Twilio jumped 20.4% after TD Cowen’s Derrick Wood reiterated a buy rating and $210 price target, saying the company’s three-year turnaround is complete. Over the last four quarters, Twilio generated $899 million of free cash flow on $5.3 billion of revenue, and earnings were positive for the first time in the company’s history last year. Branded calling and conversational intelligence are growing revenue more than 100% year over year, reinforcing the AI-driven growth thesis.

Analysis

TWLO is transitioning from “show-me” to “prove-it-but-own-it” territory: the market is now paying for durability, not just recovery. The important second-order effect is that conversational AI and branded voice are not just incremental product wins; they can re-rate the franchise if they raise net retention and lower churn by embedding Twilio deeper into customer workflows.
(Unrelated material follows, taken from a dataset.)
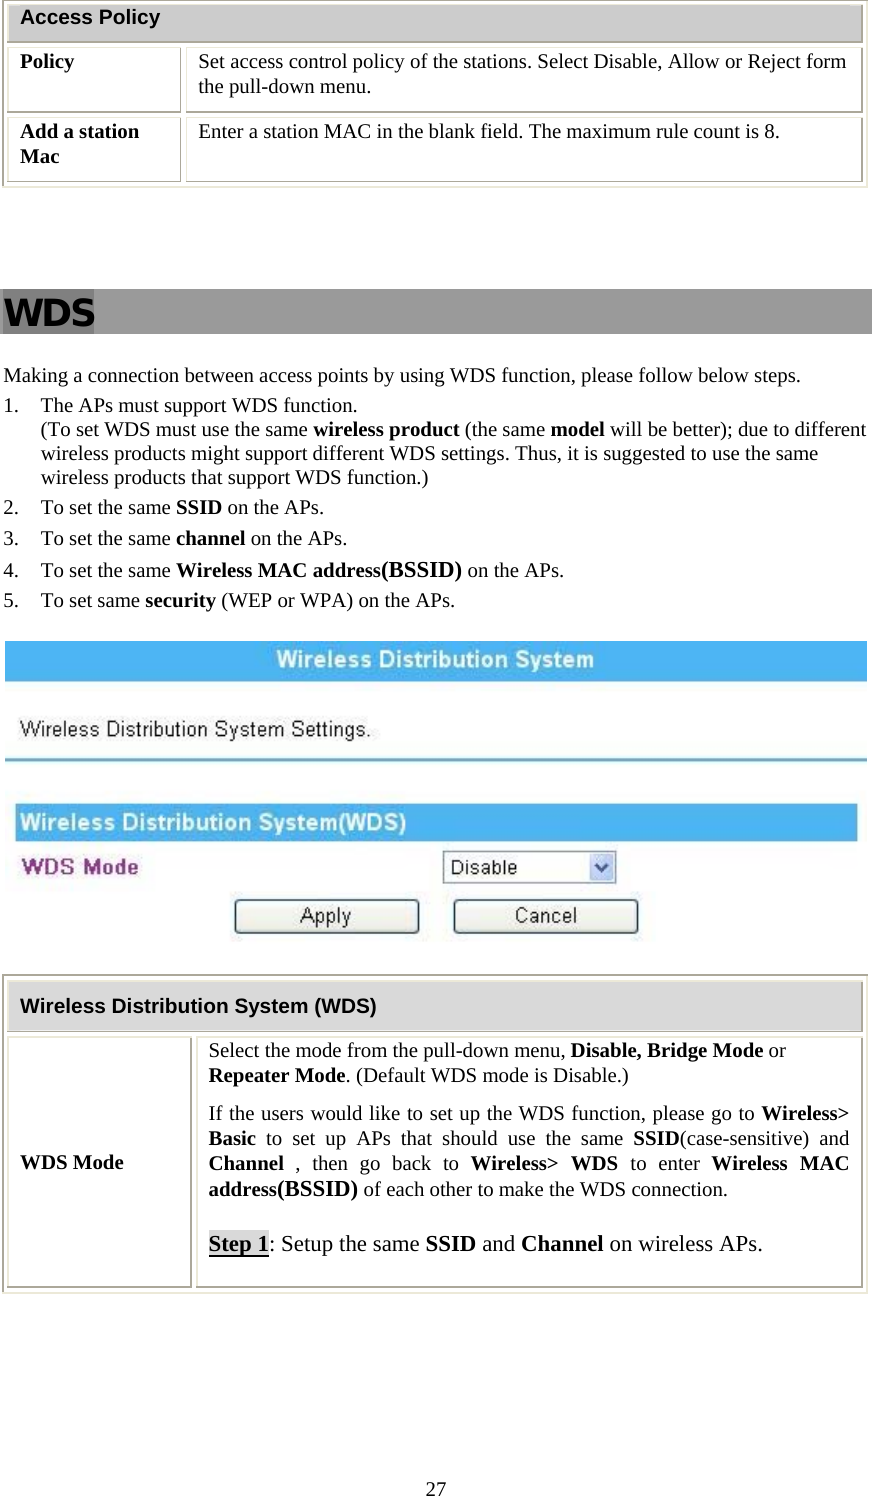   27Access Policy Policy  Set access control policy of the stations. Select Disable, Allow or Reject form the pull-down menu.  Add a station Mac  Enter a station MAC in the blank field. The maximum rule count is 8.    WDS Making a connection between access points by using WDS function, please follow below steps. 1. The APs must support WDS function.  (To set WDS must use the same wireless product (the same model will be better); due to different wireless products might support different WDS settings. Thus, it is suggested to use the same wireless products that support WDS function.) 2. To set the same SSID on the APs. 3. To set the same channel on the APs. 4. To set the same Wireless MAC address(BSSID) on the APs. 5. To set same security (WEP or WPA) on the APs.  Wireless Distribution System (WDS) WDS Mode Select the mode from the pull-down menu, Disable, Bridge Mode or Repeater Mode. (Default WDS mode is Disable.) If the users would like to set up the WDS function, please go to Wireless&gt; Basic to set up APs that should use the same SSID(case-sensitive) and Channel , then go back to Wireless&gt; WDS to enter Wireless MAC address(BSSID) of each other to make the WDS connection.  Step 1: Setup the same SSID and Channel on wireless APs.

That creates a flywheel where higher-value use cases improve gross profit mix, which in turn gives the company more pricing power against point-solutions and CPaaS rivals.

The cleaner earnings profile matters because it reduces the “quality discount” that has historically capped multiple expansion in this name. If FCF stays near current levels, the market can underwrite a materially higher EV/FCF multiple even without heroic revenue acceleration, but the stock is now vulnerable to any sign that AI usage is experimental rather than production-grade. A reset in growth expectations from “tripling adoption” to merely “doubling” would be enough to compress the multiple quickly after this vertical move.

The contrarian risk is that voice AI remains a feature, not a platform, and features commoditize fast. Larger cloud and CRM ecosystems can bundle adjacent capabilities, forcing TWLO to prove that its orchestration layer is economically sticky and not just a traffic intermediary. Near term, the stock is technically extended; over the next few weeks, any miss in commentary on pipeline conversion or incremental margins could trigger a sharp mean reversion even if the long-term thesis is intact.